--- SUPPLIED DATA Enclosed Below ---
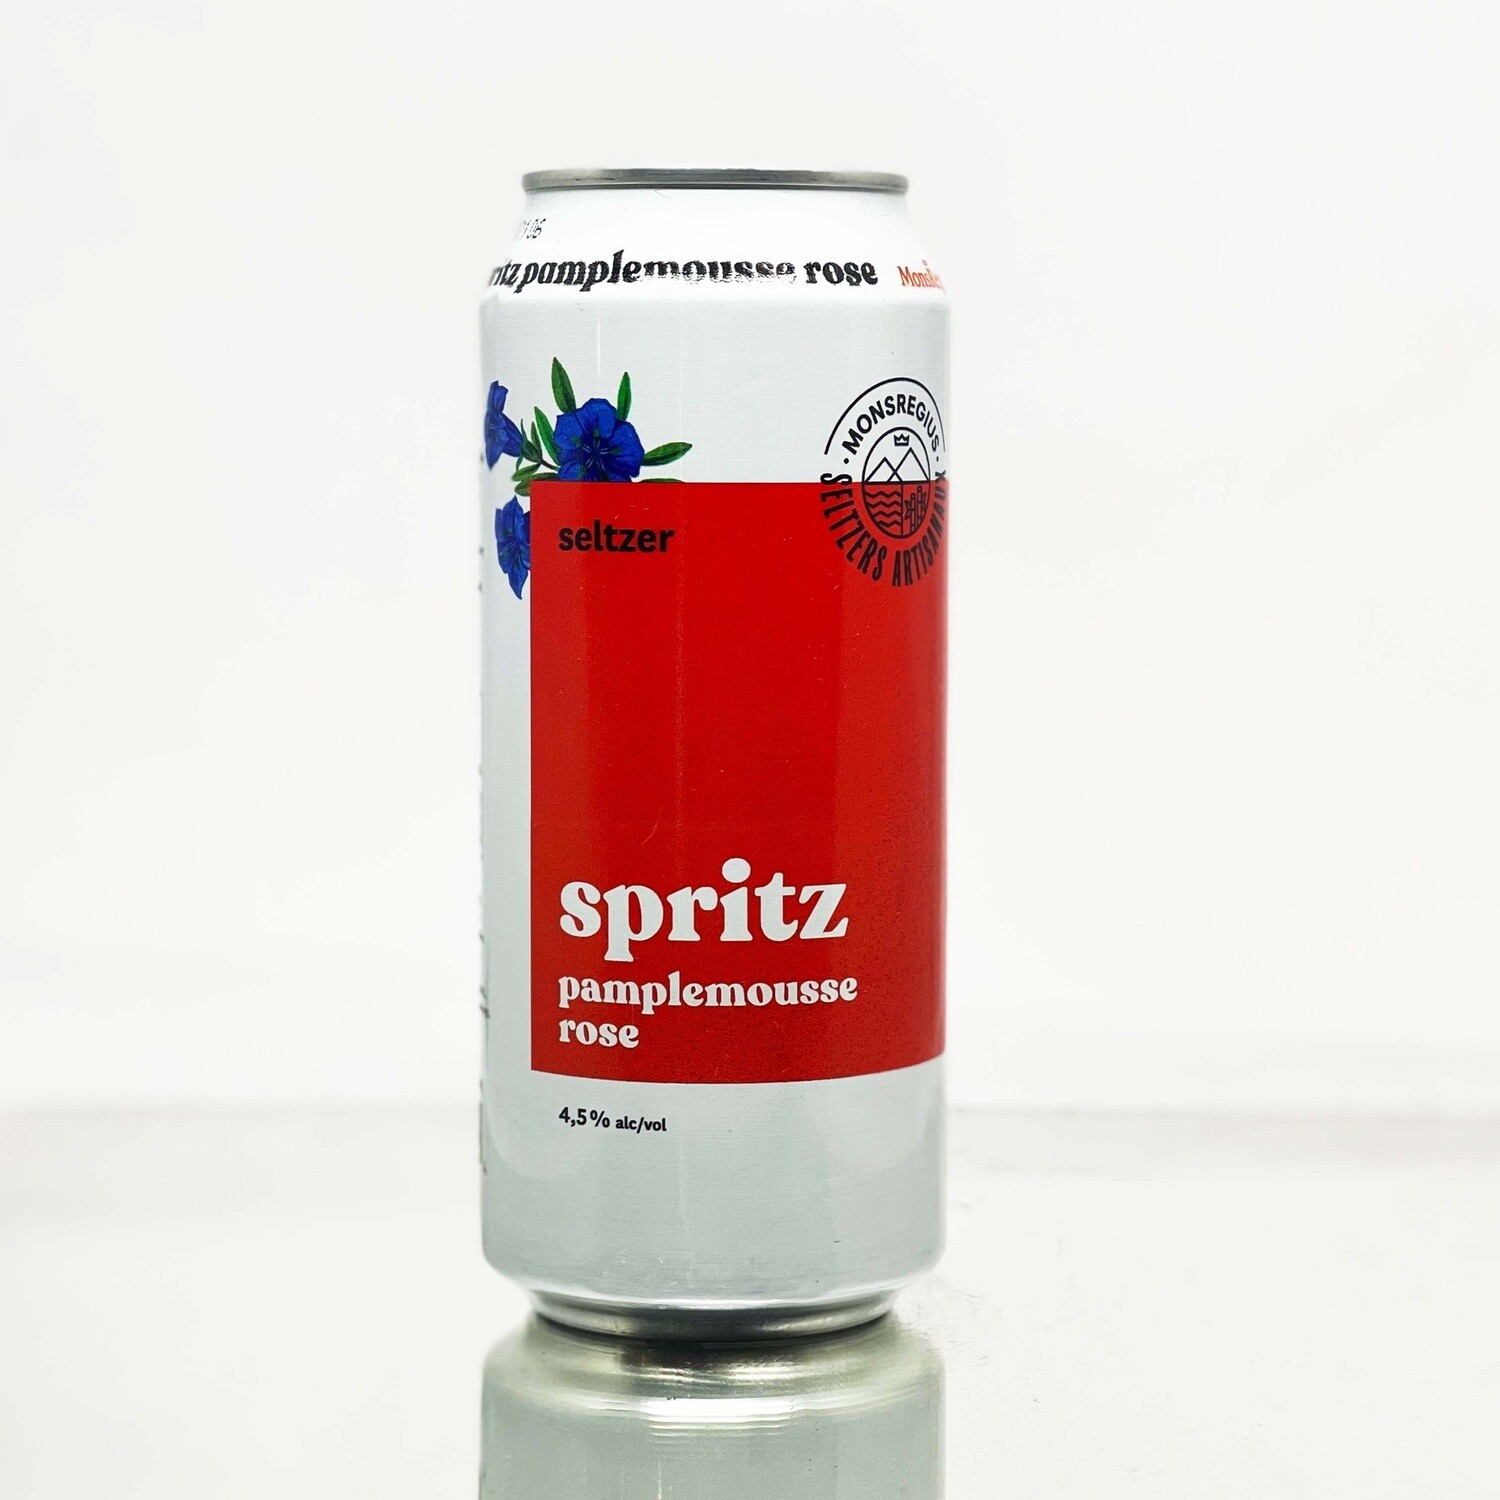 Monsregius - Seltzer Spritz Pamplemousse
--- End of Enclosed SUPPLIED DATA ---
--- SUPPLIED DATA Enclosed Below ---
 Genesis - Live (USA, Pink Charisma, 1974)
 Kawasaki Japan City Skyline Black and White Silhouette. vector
--- End of Enclosed SUPPLIED DATA ---
The required answer is the exact run of lines above starting at the line with "Genesis - Live (USA, Pink Charisma, 1974)" and ending at the line with "Kawasaki Japan City", with both ends present.

 Genesis - Live (USA, Pink Charisma, 1974)
 Kawasaki Japan City Skyline Black and White Silhouette. vector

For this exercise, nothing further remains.